The US Food and Drug Administration is to give US biotechnology groups Genentech and Biogen Idec’s Rituxan (rituximab) a priority review for the treatment of aggressive, previously-untreated non-Hodgkin’s lymphoma.
This means that the agency has six months to reach a decision on whether to clear the drug for this expanded indication and, as the application was initially filed in August [[18/08/05f]], a ruling is expected in February.
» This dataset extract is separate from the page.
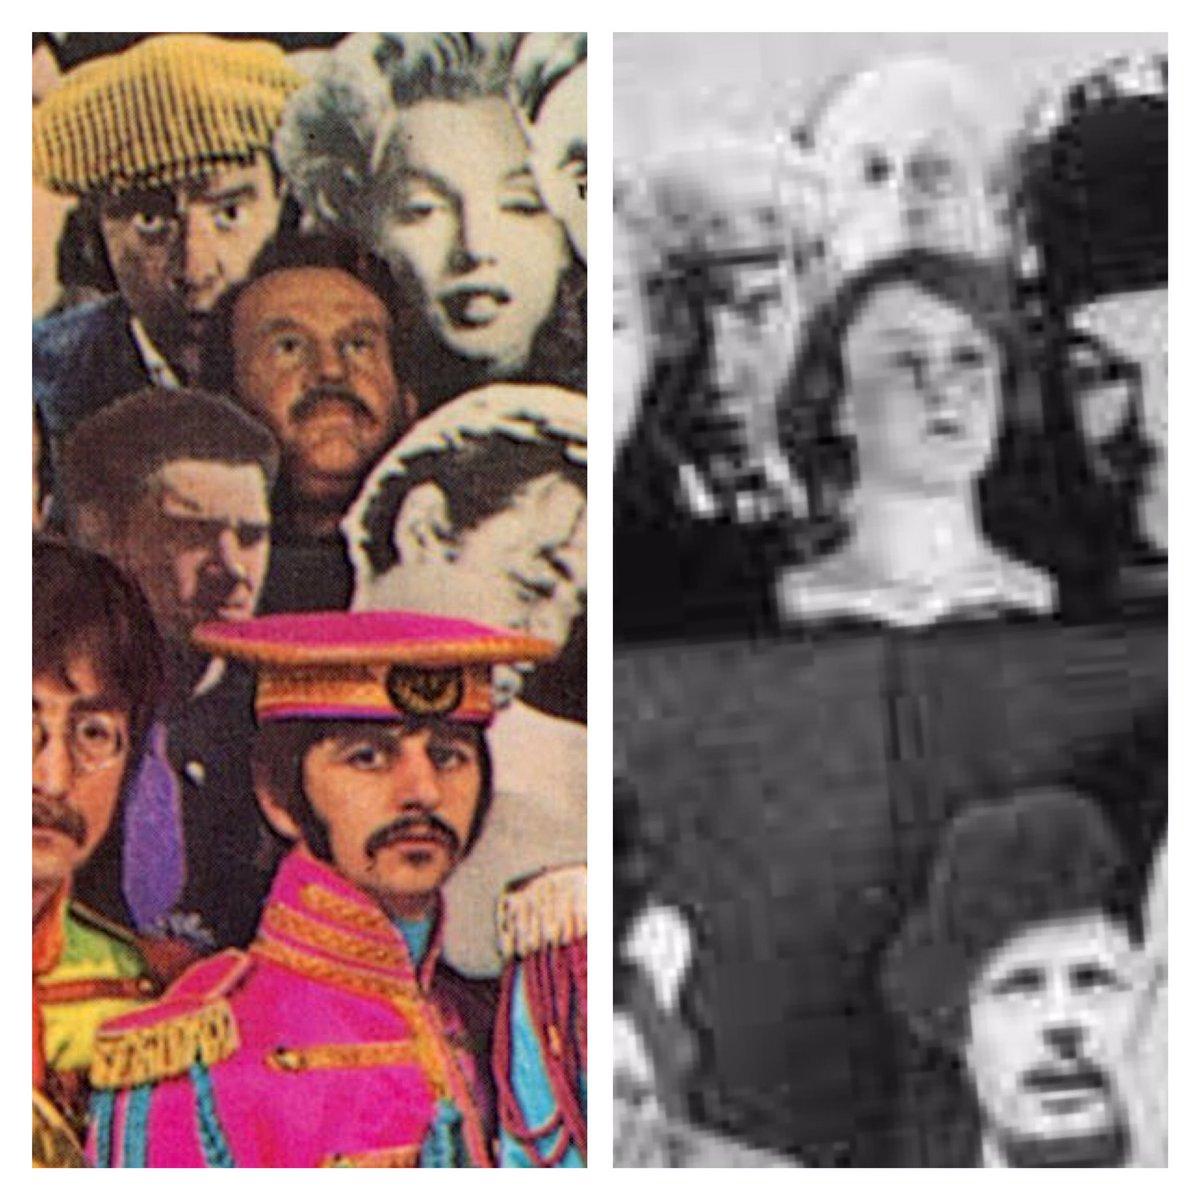 Beatles Sgt. Pepper album cover
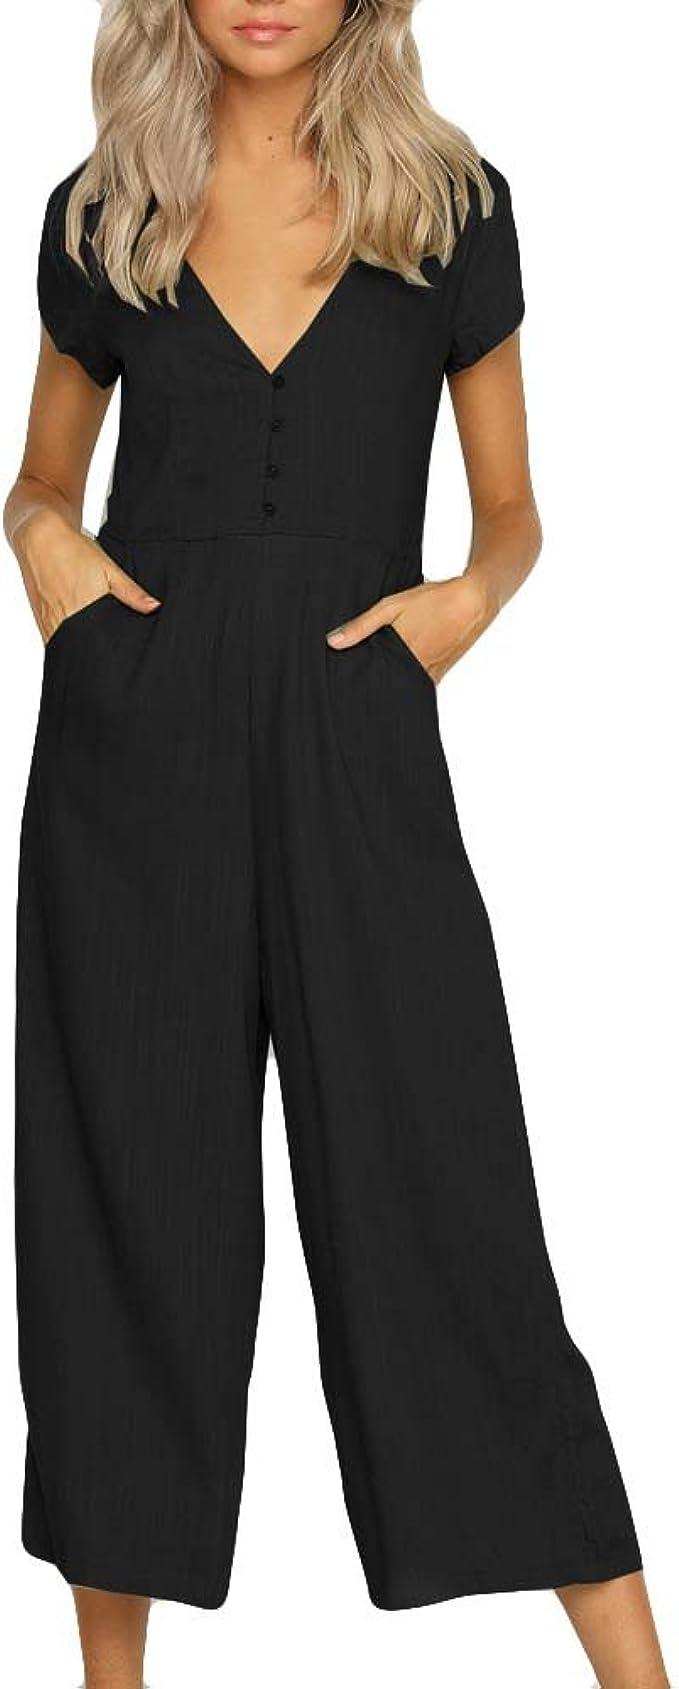 Amazon.com: Jumpsuits - Pantalón de manga corta para mujer ...

Investors welcomed the news, with shares in Biogen closing up 1.9% at $40.24 and Genentech stock rising 1.6% to close at $88.37 on October 25.
Rituxan first received FDA approval in November 1997 for relapsed or refractory low-grade, B-cell non-Hodgkin’s lymphoma, and the companies are now seeking expanded approval of the agent as a first-line therapy, in combination with chemotherapy, for patients with aggressive forms of the condition, which affects around half of the 360,000 NHL patients in the USA. In addition, the agent is currently being evaluated for the treatment of rheumatoid arthritis and other autoimmune diseases such as lupus and multiple sclerosis [[01/09/05f]].
The agent already brings in significant revenues for Genentech, which saw Rituxan turnover jump 16% to $456 million in the third quarter [[11/10/05a]], while its European partner Roche, holder of rights to the drug in Europe and the rest of the world, saw sales cap 3 billion Swiss francs ($2.3 billion) marking growth of just under 25% over the year-ago period [[19/10/05b]].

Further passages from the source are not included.